Named Peace (or Peace_of_mind), the hacker is asking for 1 Bitcoin (~$570) for the entire dataset, which is available for sale on The Real Deal Dark Web marketplace.
Data breach search engine service LeakedSource has got hold of the data from one of the people who bought it. The company has analyzed the dump's contents and has added it to its service.
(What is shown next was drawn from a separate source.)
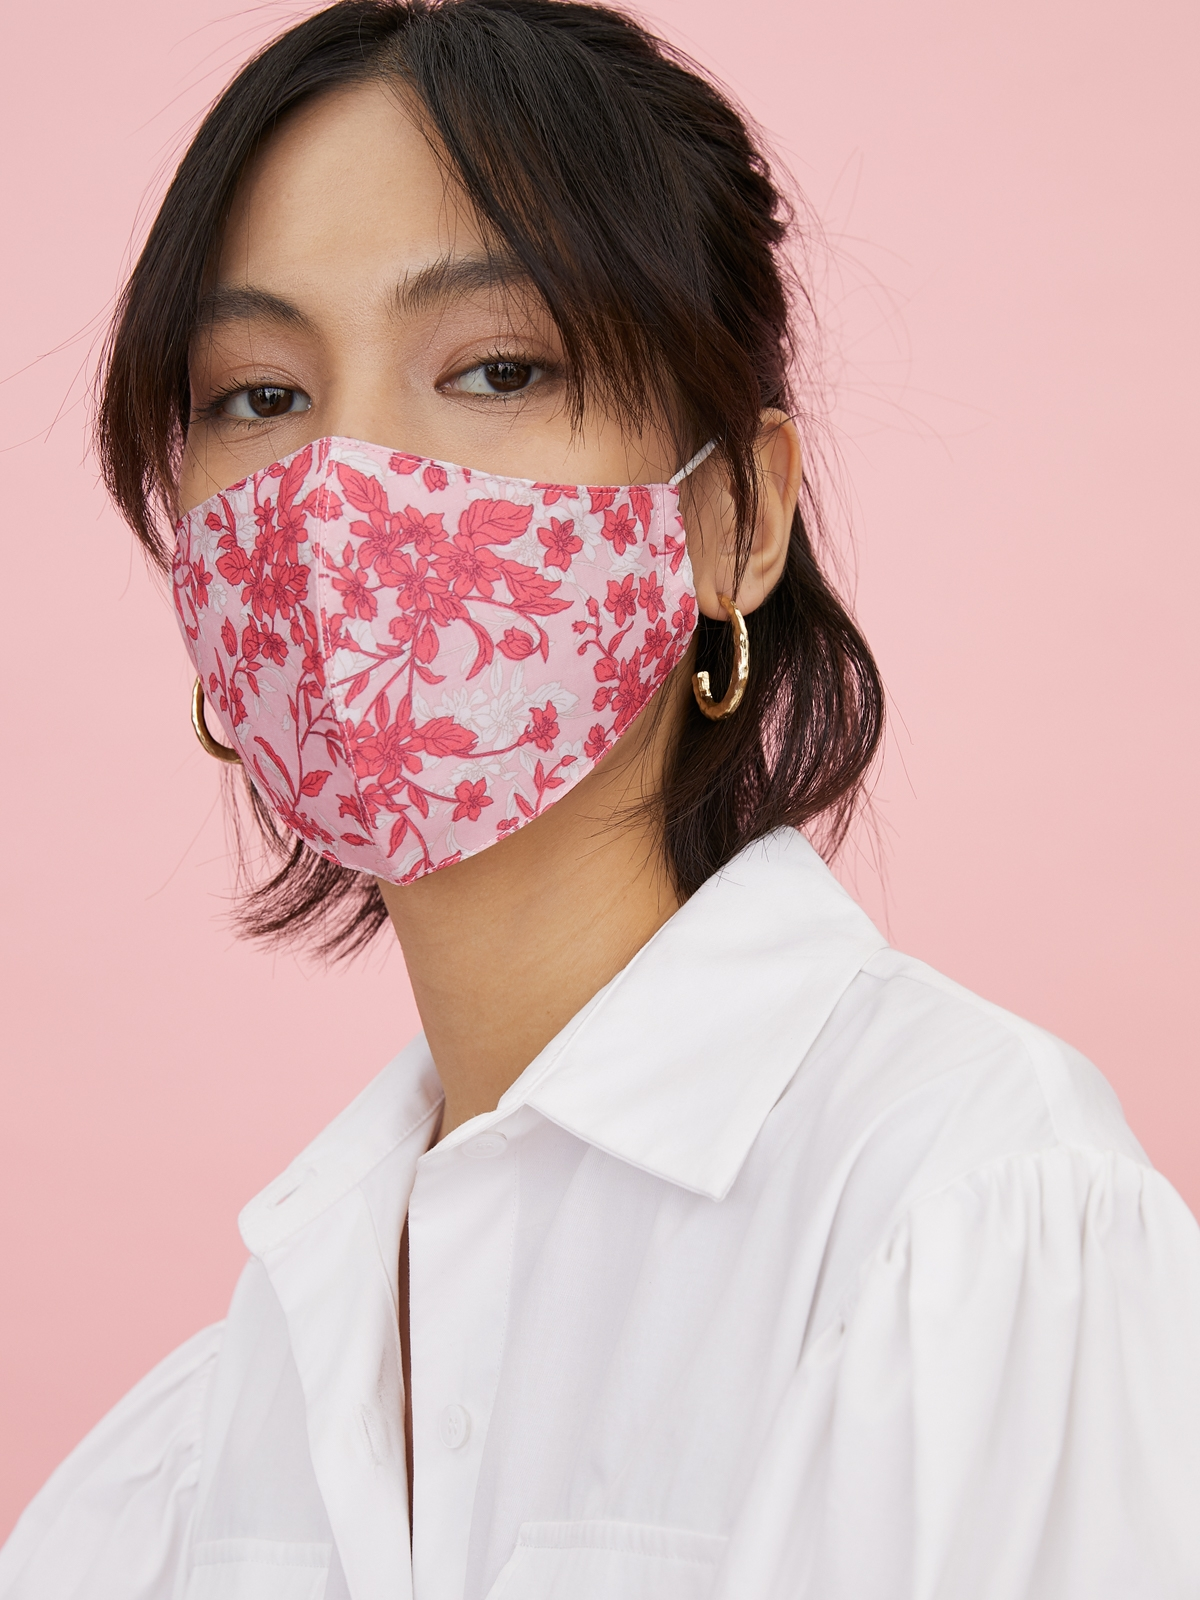 People Triple Defense Layer Reusable Mask Light Pink

Users can use their search engine and see if their data was compromised.
VK.com stored passwords in cleartext
According to the company's experts, the data dump contains information such as email addresses, first name, last name, location information, phone numbers, sometimes a secondary email, and in all cases a cleartext password.
As of now, nobody knows when VK.com was hacked and this data stolen, but if VK.com still stores passwords in cleartext today, this should be a warning sign for its users.
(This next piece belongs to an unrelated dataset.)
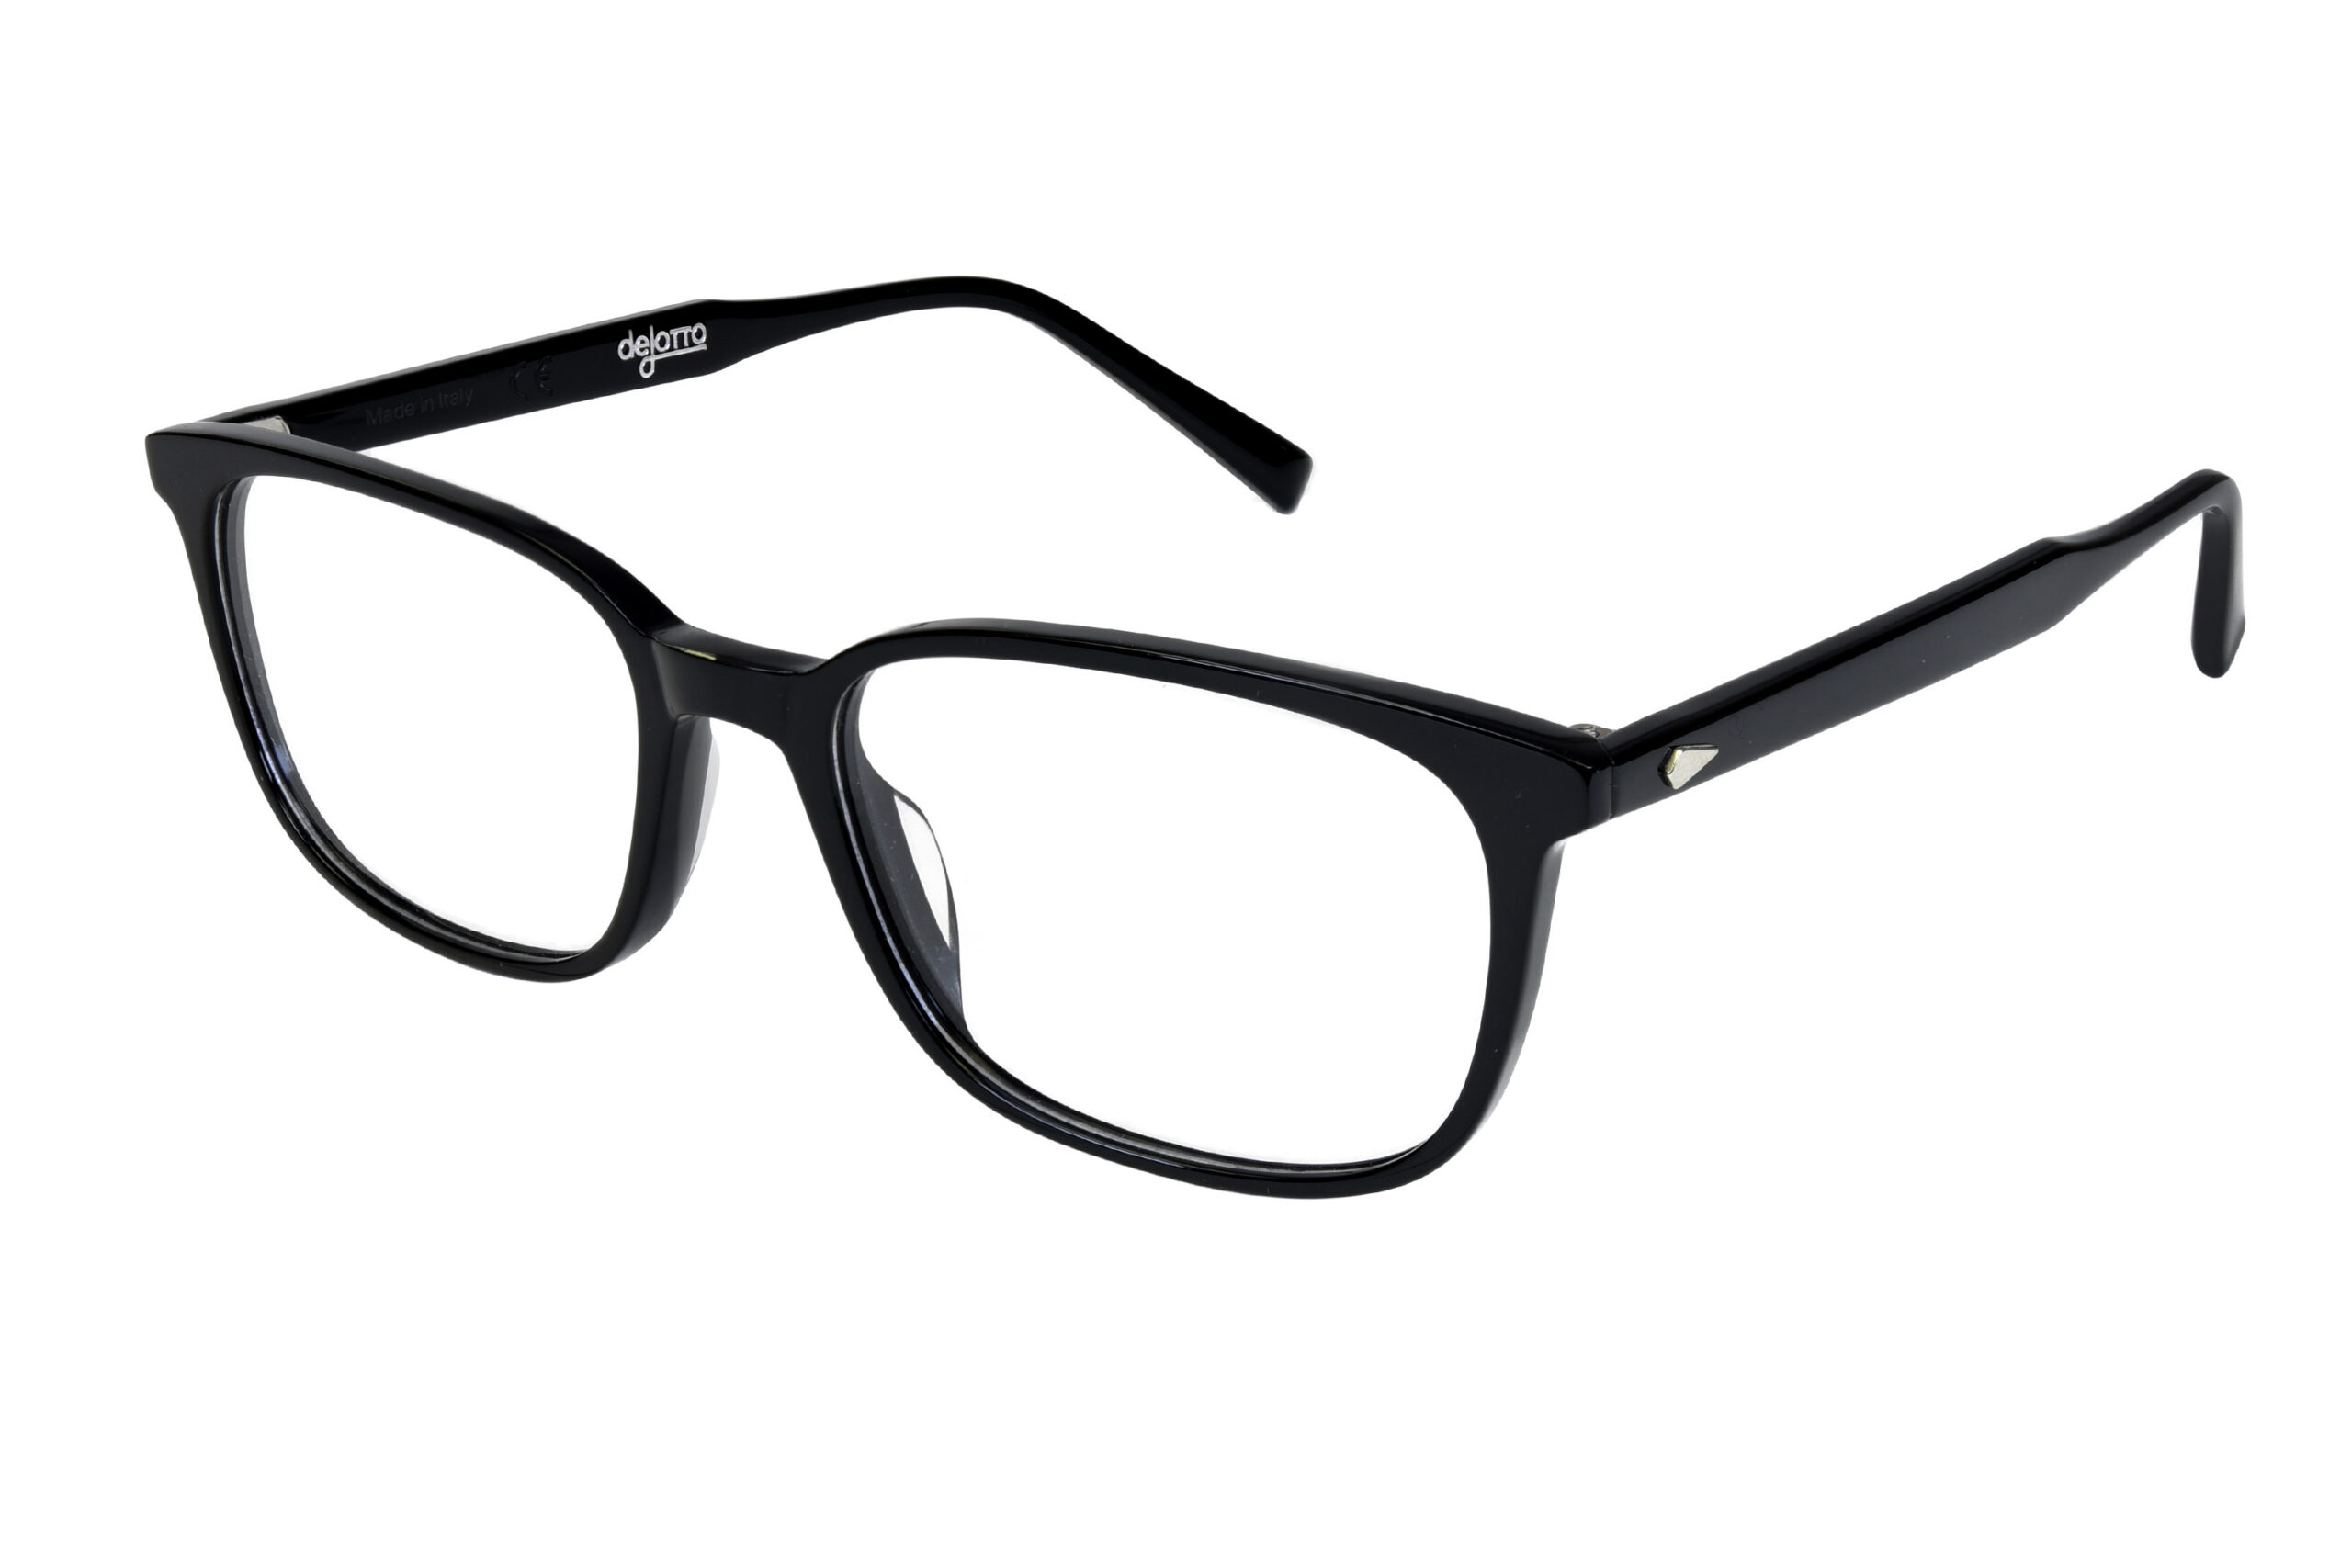 DL 155 c.8001 – Black

All the LinkedIn, MySpace, and Tumblr breaches are believed to have taken place between 2012 and 2013, when some sites did not practice up-to-par Web security policies, such as hashing and salting passwords.
Below is a breakdown of the leaked data, with a list of top 25 most popular passwords, top 25 most popular email domains, and a screenshot of Peace's VK.com listing.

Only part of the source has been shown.